Overwintering the Garden Pond


It seems that there are always questions in the fall about winterizing plastic ponds. To begin with, clean out all the gunk (composed of fish and plant waste) at the bottom of the pond. Specialist garden catalogues have a little gizmo that attaches to a hose and when the hose is run, the gizmo acts like a vacuum cleaner, sucking debris from the bottom of the pond. Or you can put your pump on the pond bottom and point the discharge into the garden. If you don’t remove the plant debris, it will continue to decompose. Decomposition uses oxygen as one of its primary fuels and this means that oxygen will be taken from the water to fuel plant decomposition. If there is an ice-layer over the pond, and there will be shortly, the water will not be able to replace that oxygen and the pond will go into an anaerobic (without oxygen) state under the ice.

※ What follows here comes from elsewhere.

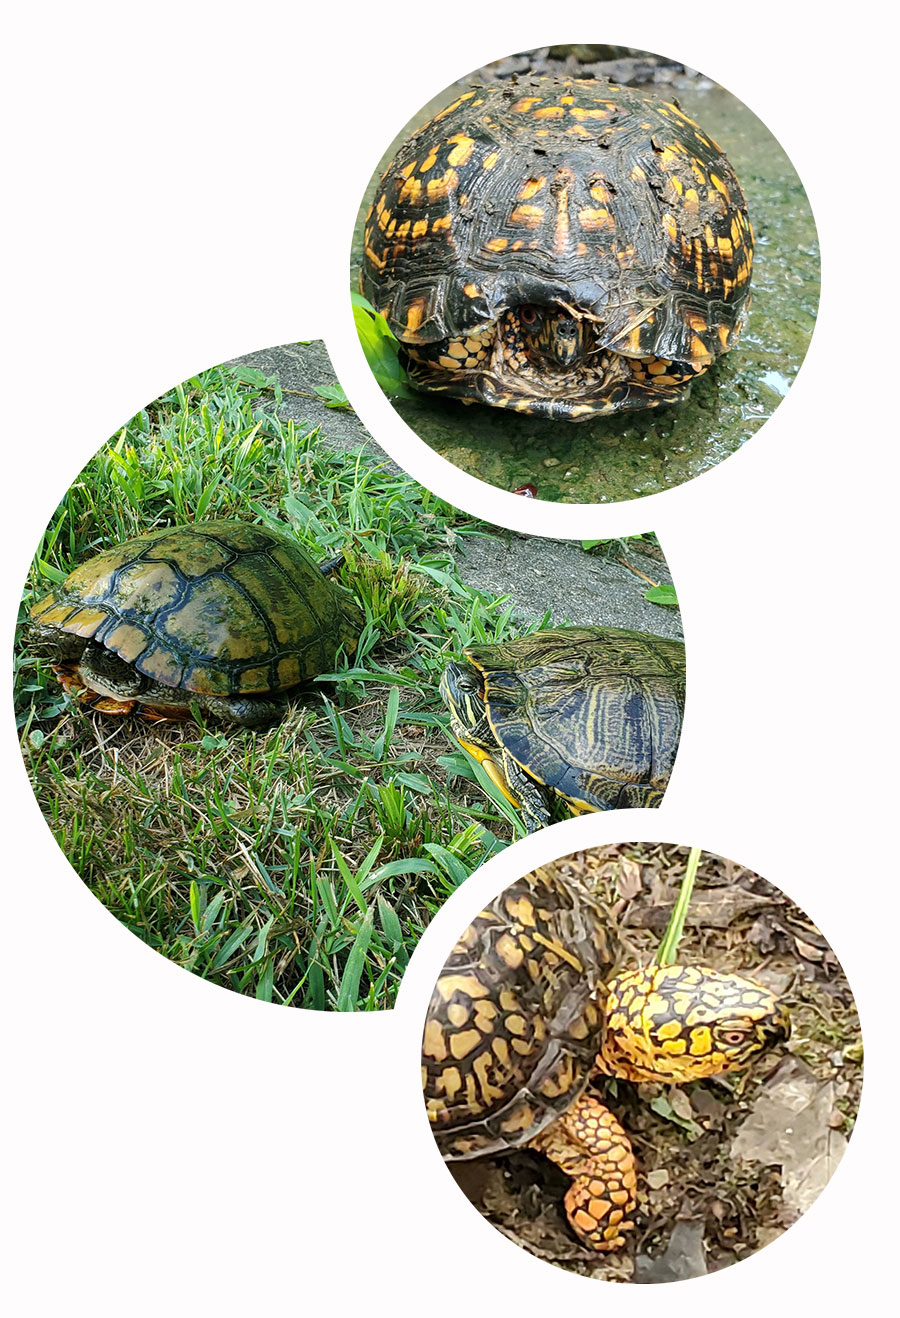 collage of turtles, box turtle inside shell, only one eye visible, two red-eared sliders hanging out on the grass, one box turtle with very yellow spots and head fully extended

Now, you’ve never quite smelled something until you’ve taken a whiff of a pond that’s in that state. It is basically your very own backyard sewage system. Aside from getting rid of the smell, the reason you remove the bottom layers of material is so any fish you’re leaving in the pond will have enough oxygen to survive the winter. And survive they will as long as you stop feeding them when the water temperature is less than 50F. At that temperature, it is really too cold for them to feed and any food will simply rot. The fish will survive as long as the water doesn’t freeze solidly to the bottom of the pond. If the pond is three to four feet deep, it will not freeze and your fish will be fine. Shallower ponds will either have to have a bubbler, a pump left running to keep an open area open or the fish removed to an aquarium for the winter. But start with removing the gunk.